Given this compulsion to stop and correct wrong notes, it is not surprising that many piano students, when asked to sight-read something, find it very difficult to keep a regular pulse and play through to the end of a piece without stopping. It is virtually impossible to suddenly abandon a habit that has been reinforced daily in the practice room for years. In addition, most piano students do not have enough experience in ensemble playing, or sufficient training in improvisation, playing by ear, and simplifying challenging passages, to allow them to play in tempo and keep going when sight-reading.

Of the many benefits of sight-reading—discovery of new music, faster learning of repertoire, greater access to performance and employment opportunities—one of the most important is the improved feeling of pulse and rhythm that it instills. Being obliged to keep going no matter what happens, as we are in sight-reading and in ensemble playing, leads to the development of a stable inner pulse, which in turn makes it possible to read accurately all the varied rhythmic figures contained within the pulse. Students who have difficulty sight-reading common rhythmic figures are usually the ones who have gotten into the habit of practising out of time, and therefore lack that stable pulse upon which all rhythmic life depends.

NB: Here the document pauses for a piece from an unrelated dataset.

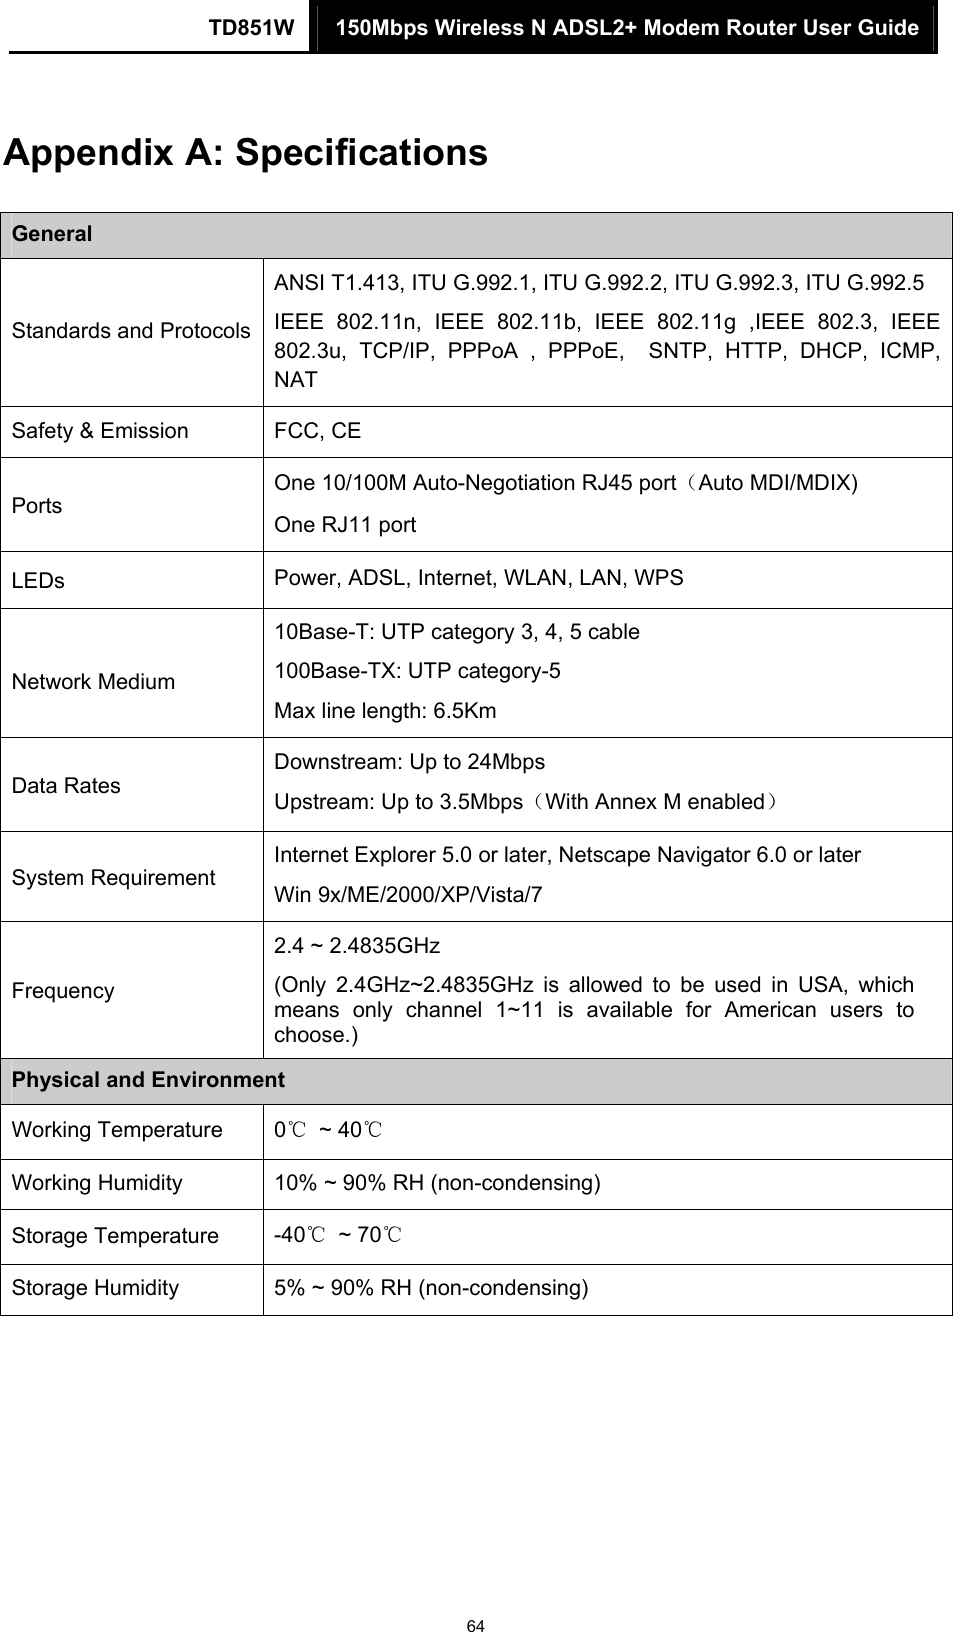 TD851W  150Mbps Wireless N ADSL2+ Modem Router User Guide 64 Appendix A: Specifications General Standards and Protocols ANSI T1.413, ITU G.992.1, ITU G.992.2, ITU G.992.3, ITU G.992.5 IEEE 802.11n, IEEE 802.11b, IEEE 802.11g ,IEEE 802.3, IEEE 802.3u, TCP/IP, PPPoA , PPPoE,  SNTP, HTTP, DHCP, ICMP, NAT Safety &amp; Emission  FCC, CE Ports  One 10/100M Auto-Negotiation RJ45 port（Auto MDI/MDIX) One RJ11 port LEDs  Power, ADSL, Internet, WLAN, LAN, WPS Network Medium 10Base-T: UTP category 3, 4, 5 cable 100Base-TX: UTP category-5 Max line length: 6.5Km Data Rates Downstream: Up to 24Mbps Upstream: Up to 3.5Mbps（With Annex M enabled） System Requirement  Internet Explorer 5.0 or later, Netscape Navigator 6.0 or later Win 9x/ME/2000/XP/Vista/7 Frequency 2.4 ~ 2.4835GHz (Only 2.4GHz~2.4835GHz is allowed to be used in USA, which means only channel 1~11 is available for American users to choose.) Physical and Environment Working Temperature  0℃ ~ 40℃ Working Humidity  10% ~ 90% RH (non-condensing) Storage Temperature  -40℃ ~ 70℃ Storage Humidity  5% ~ 90% RH (non-condensing)

Any pianist who has joined another pianist in a duet, or accompanied a singer at sight, knows that being obliged to play in time, come what may, has the secondary effect of forcing them to occasionally leave notes out, simplify challenges, or guess at what is coming. While this may seem like a sacrifice to some (the devil of note accuracy whispering in our ears), being forced to reduce, simplify, improvise, and play by ear encourages the growth of musical skills that are extremely valuable, not only in sight-reading, but in performance and practising.
The good rhythmic habits and useful musical skills that we develop in sight-reading transfer over to our daily practice in many beneficial ways. For one thing, as our reading improves, so does our accuracy, and we may find that we don’t need to stop and correct wrong notes as often as before. Moreover, the imperative that we now feel to keep a steady pulse may lead us to play to the end of the phrase before going back to correct mistakes, giving us a better sense of phrasing. When we do need to repeat a small unit to make it fluent, we may find ways to do this with practice loops that allow us to keep a regular pulse through the repetitions.
The skill we have developed in simplifying and reducing textures may also help us to see more clearly the underlying structure of the pieces we are learning, and to find new ways of practising and memorising them. In performance, our stable inner pulse becomes something we can rely upon, and ride upon, as it carries us through musical time. And should something go awry when playing from memory, our ability to improvise and play by ear will help us to keep the music going.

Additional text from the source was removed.